Massive Short Squeeze in ETH, ADA, and DOGE Leads to $800 Million in Liquidations, the Largest Since 2023
Crypto Market Sees $750M in Short Liquidations as Ether and Altcoins Surge
A widespread rally in the cryptocurrency market, led by a 20% surge in ether (ETH), has caused over $750 million in short liquidations in just 24 hours—the largest single-day total since 2023. According to CoinGlass data, more than 84% of these liquidations were from short positions, highlighting the intense reaction as altcoins surged 10% to 20% in a matter of hours starting late Thursday.
Ether, which led the charge, surged 20%, briefly surpassing the $2,000 mark for the first time since March. Meanwhile, Dogecoin (DOGE) and Cardano (ADA) saw gains of more than 10%, while other major altcoins like Solana (SOL), Binance Coin (BNB), and XRP rose at least 7%, spurred by a strong wave of positive sentiment and momentum-driven buying.

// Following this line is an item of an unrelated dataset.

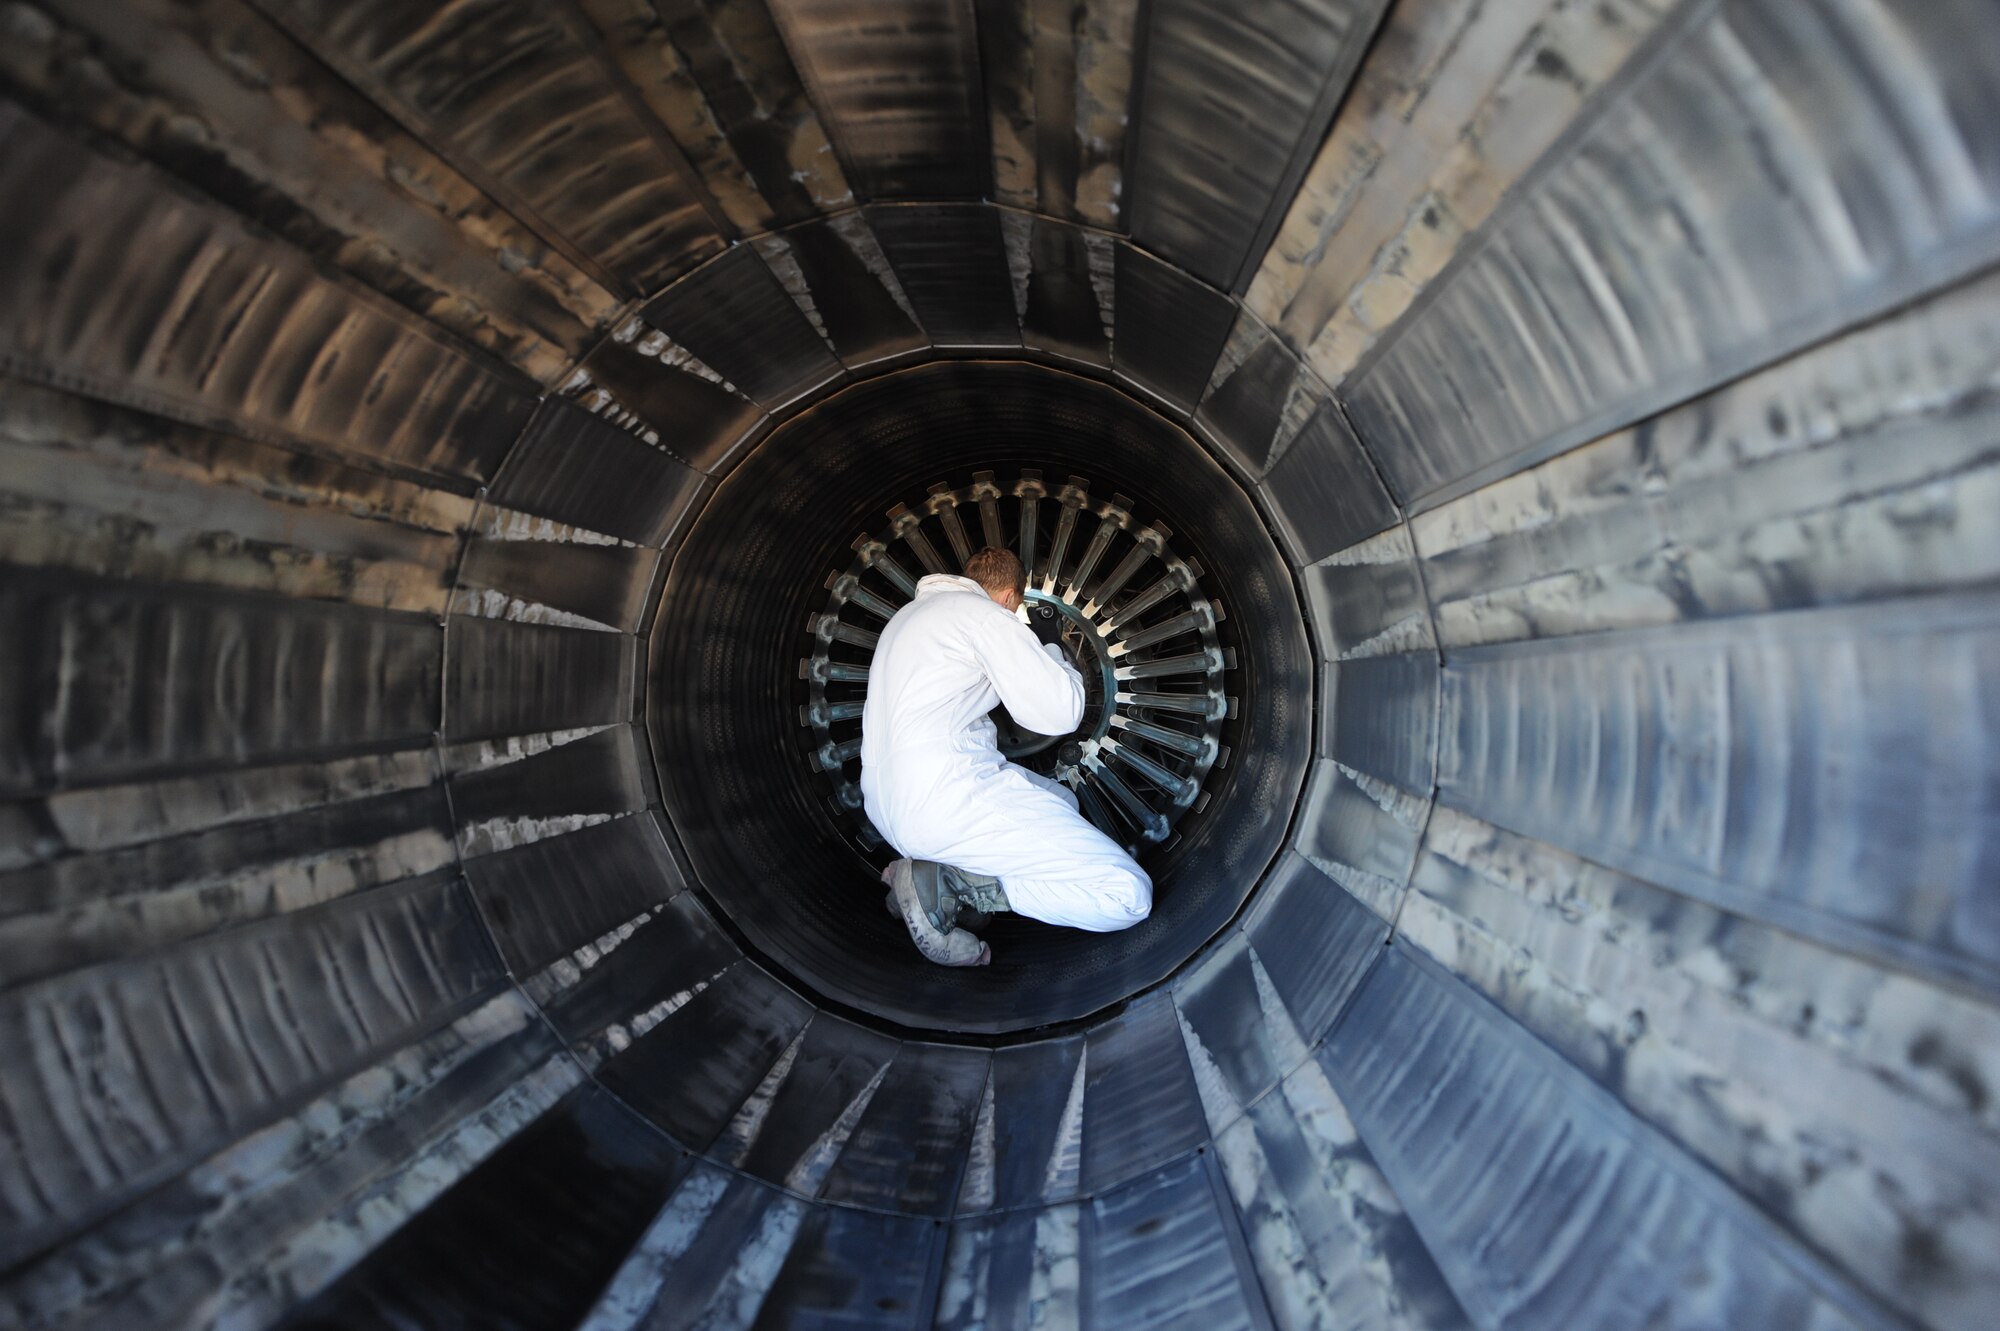 U.S. Air Force Staff Sgt. Ryan Blanton, 7th Aircraft Maintenance Squadron, thoroughly inspects turbine blades inside a B-1 engine Nov. 17, 2013, at Dyess Air Force Base, Texas. The white coveralls worn while inspecting the engine keep maintainers from dropping tools or parts in the inlets or exhaust.  (U.S. Air Force photo by Airman 1st Class Alexander Guerrero/Released)

Liquidations occur when a trader’s leveraged position is forcibly closed due to insufficient margin, often causing a snowball effect of forced sales. These large-scale liquidations typically indicate extreme market conditions, which could signal a potential turning point. When the short liquidations pile up, the market may be set for a reversal as the excessive bearish sentiment is corrected.
The surge in crypto prices coincided with Bitcoin’s rally past the $100,000 level on Thursday, aided by positive sentiment surrounding a trade deal between the U.S. and the UK.
The liquidation event on Thursday ranks among the most severe in recent months, surpassing the March squeeze that wiped out over $550 million as Bitcoin surged to $93,000. An April rally in ETH and DOGE had already liquidated $500 million in short positions, but this latest rally outpaced both, showing an increase in market risk appetite.
The biggest share of liquidations came from Binance and OKX, which together accounted for more than $500 million. ETH alone saw over $310 million in liquidations, while Bitcoin futures accounted for $375 million.
The short squeeze on ether came after a period of low volatility and waning interest from both institutional investors and retail traders. However, Ethereum’s recent Pectra upgrade may be sparking renewed confidence, with traders positioning themselves for potential gains.